Динстлер неожиданно засмеялся. Он вспомнил брошюру "Твой ангел-хранитель", которую помогал продавать на благотворительном базаре летом 1957 года. В тот самый незабвенный август...
- У Ангела светлые глаза и большие белые крылья Он оберегает ими людские души от греховной бездны...
- Это уже теософская дискуссия. А по мне - светлые или черные глаза дело вкуса. И уж, простите, я обрисую перспективу на собственный лад: Вы забудете о своих тщетных и мелочных, в сущности, терзаниях, прекратите разыгрывать из себя неудачника. Пигмалион - драгоценность, которой пытаются завладеть очень состоятельные люди... Не надо убеждать меня в кризисе вашего метода и усталости души. Нам вовсе не важно, сколько продержится вылепленная вами маска, и что станет через годы с её владельцем. Одноразовыми шприцами работать куда удобнее - использовал и, - в корзину. Закон сангигиены - отсутствие следов и нежелательных последствий.
Давайте смотреть на вещи здраво: вы ошиблись, но ещё есть время для перемен, для пересмотра... Мы готовы платить вам очень много. Вы сможете просто-напросто купить себе привязанность любой Антонии Браун...
- Вон! - выдохнул Йохим.
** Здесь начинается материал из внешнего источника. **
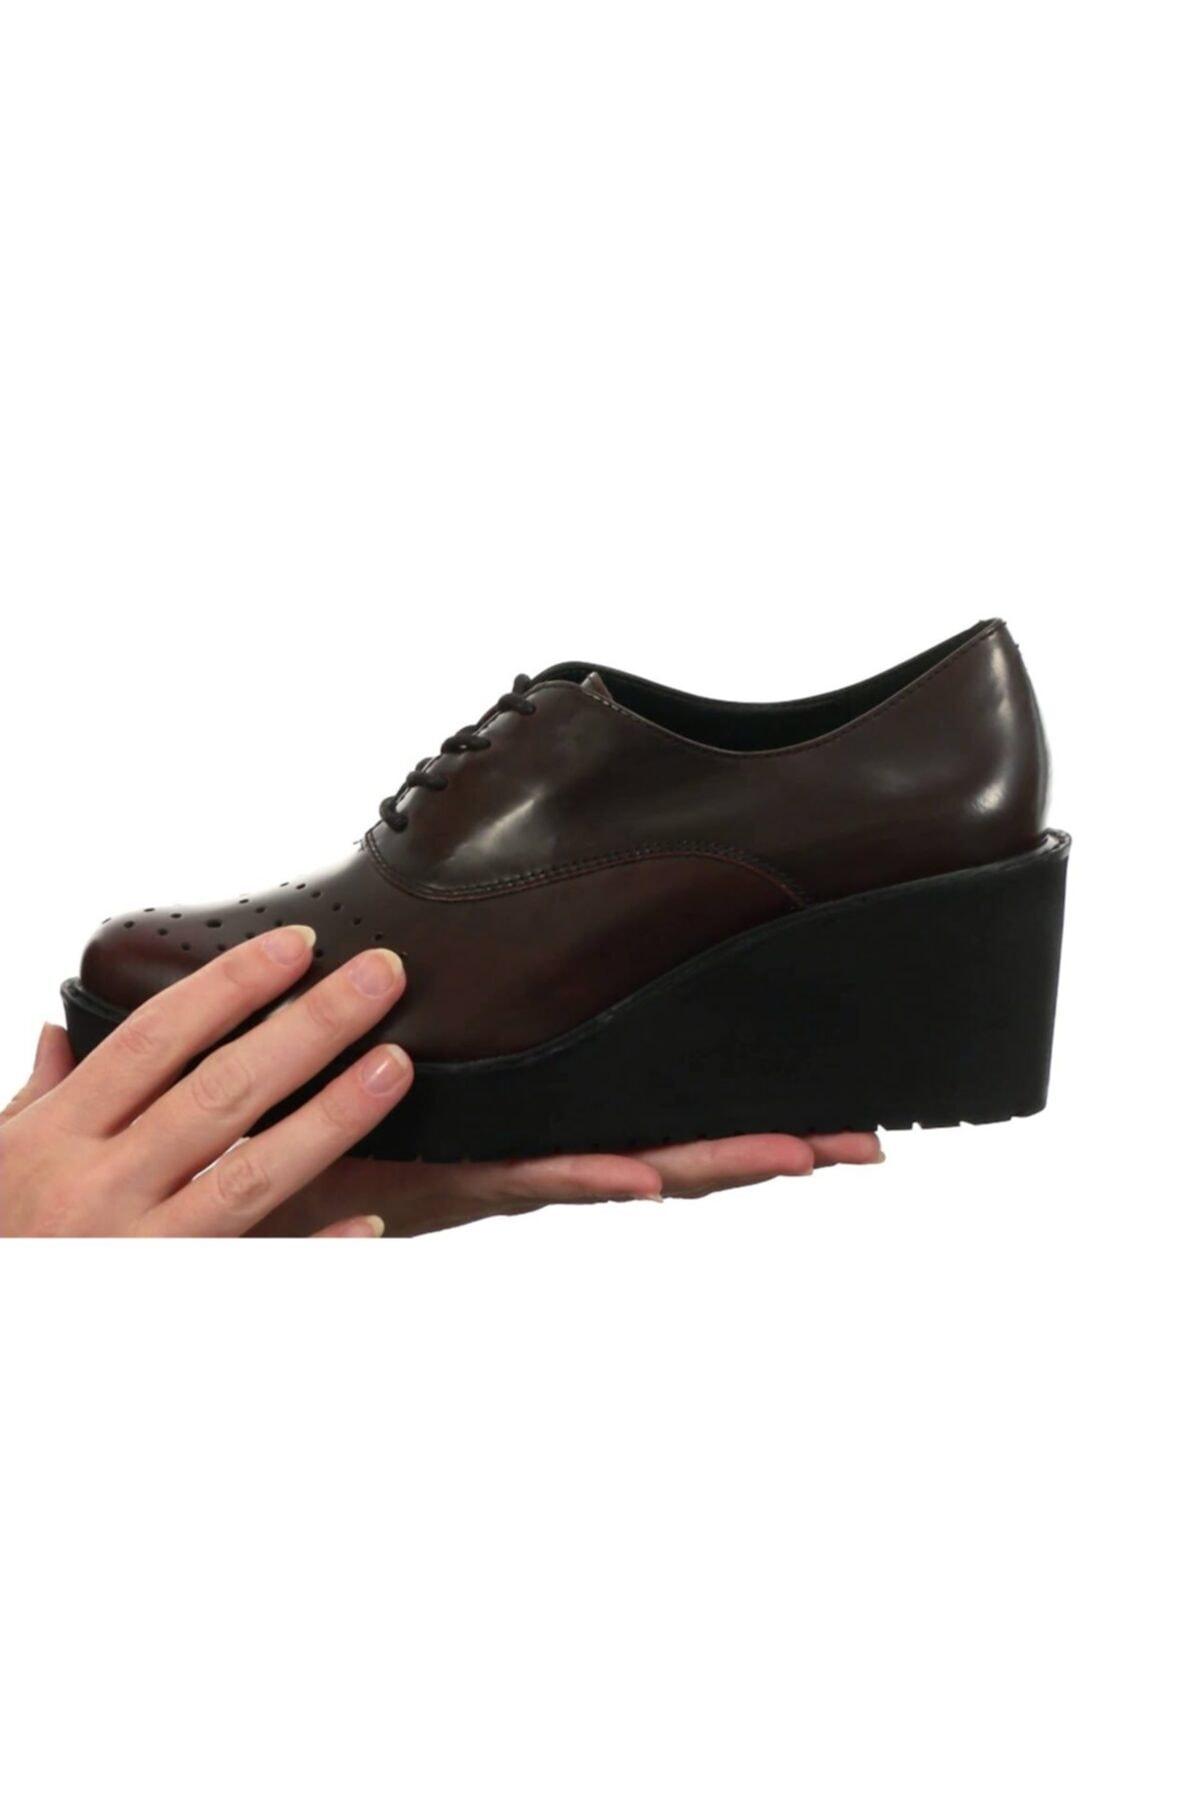 Kadın Bordo Deri Ortopedik Ayakkabı Topuk 7 Cm Comfort Game Oval
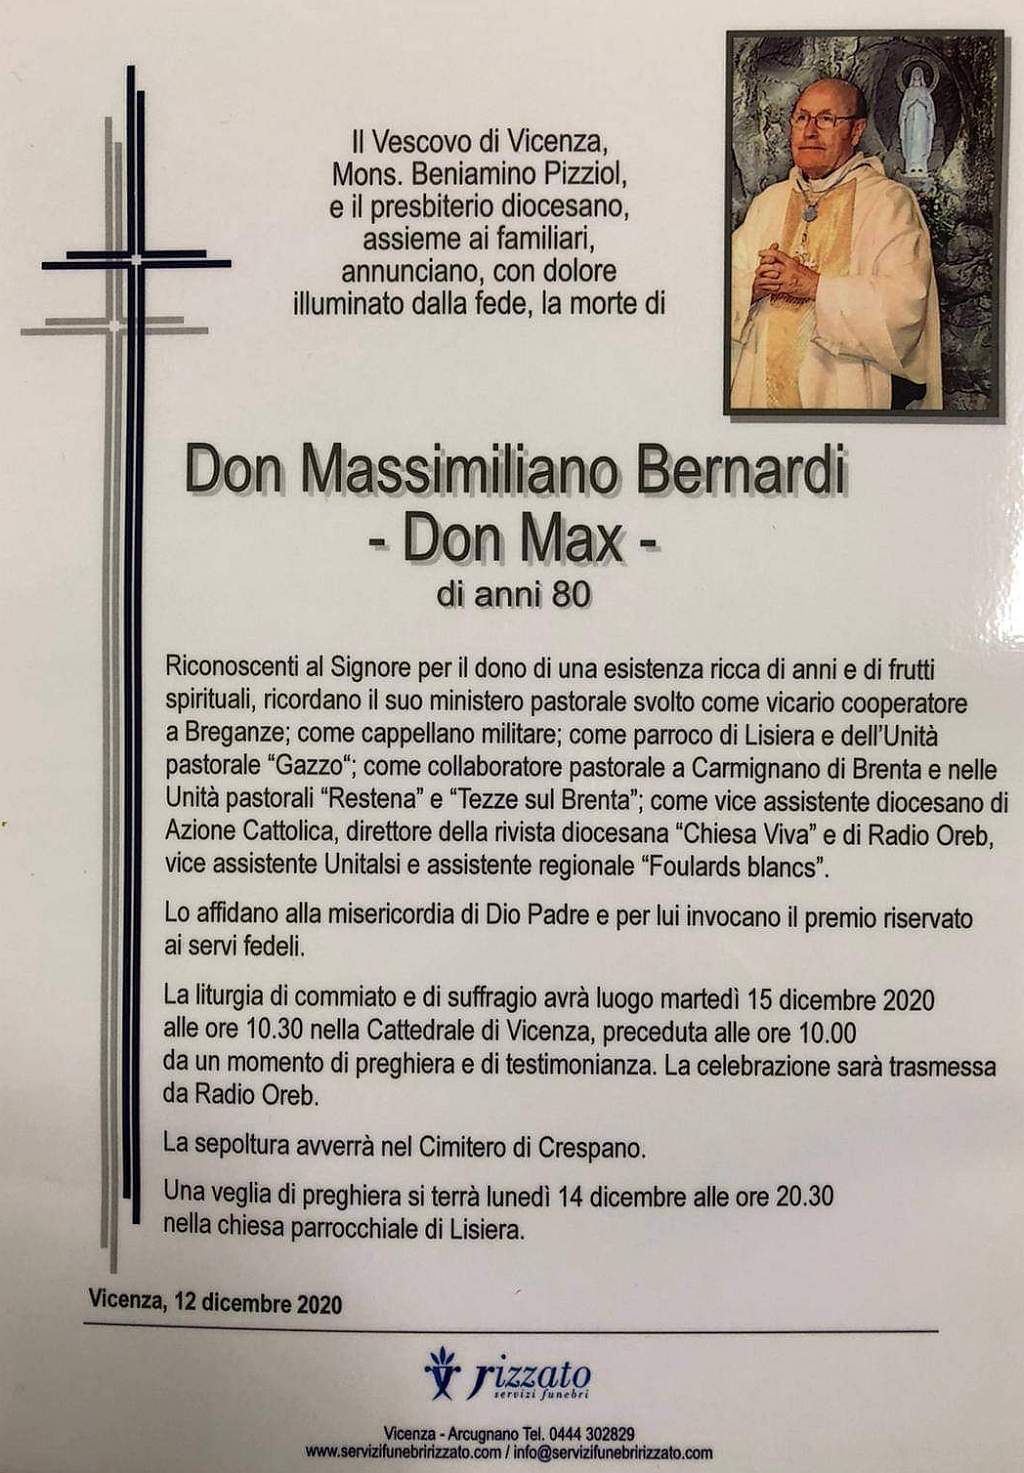 Si è spento 11 dicembre 2020 a Vicenza Don Massimiliano Bernardi (Don Max)
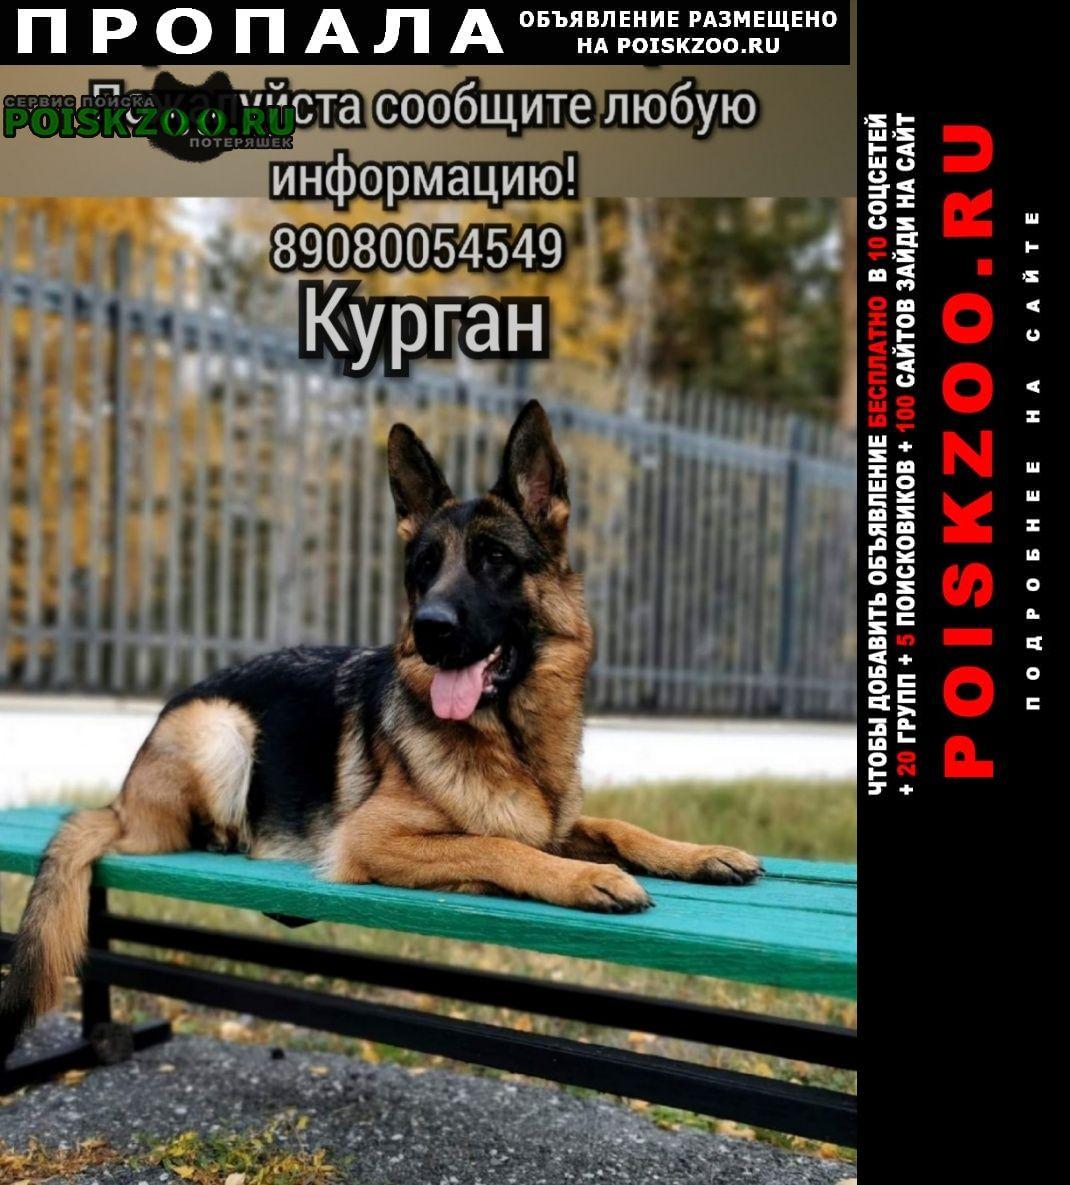 Курган Пропала собака вознаграждение

Воздушный поток со свистом распахнул окно, унося подхваченные с подоконника бумаги. Визитер исчез, растворился в сумерках, как и положено нечистой силе. Динстлер притворил створки, зябко запахнул ворот своей неизменной куртки и возвратился к столу.
Значит, ему нет прощения. Волна ненависти к самому себе, какой-то судорожной брезгливости захлестнула Йохима. Он чувствовал, как превращается в жуткое насекомое, омерзительное, страшное. Все, сделанное Пигмалионом, казалось до отвращения преступным. А эксперименты с собственной дочерью недопустимым смертным грехом.
"Ты права, права, моя девочка, - бубнил он себе под нос, беспорядочно открывая ящики стола и доставая какие-то бумаги. - Я - чудовище, мразь. Ты должна была растоптать меня, стереть с лица земли... Мне нет и не может быть прощения..."
Наконец он нашел и извлек из кобуры старый "Браунинг". Прикосновение холодного, тяжелого металла придало ему силы. Как некогда начинающий хирург-стажер, Динстлер вмиг рассчитал ход операции и почувствовал прилив сил от ясной и непростой цели.
"Динстлер исчезнет, но прежде он должен уничтожить Пигмалиона. Необходимо, по меньшей мере, три дня, чтобы не осталось и следа от сатанинских идей Майера и деятельности его преступного последователя. Прежде всего, ликвидировать архивы, затем виварии, лаборатории. Йохим плотно задернул на окнах шторы и разжег камин. Его знобило, будто тянуло в затылок сыростью из глубокого подземелья. Протянутые к огню пальцы, пальцы дьявольского "скульптора", чуть дрожали. А прямо под окном, среди опустевшей лужайки, одиноко трепетал на ветру выгоревший полотняный зонт и наполнялся летучим, черемуховым цветом который год пустующий, поросший сорной травой, голубой бассейн.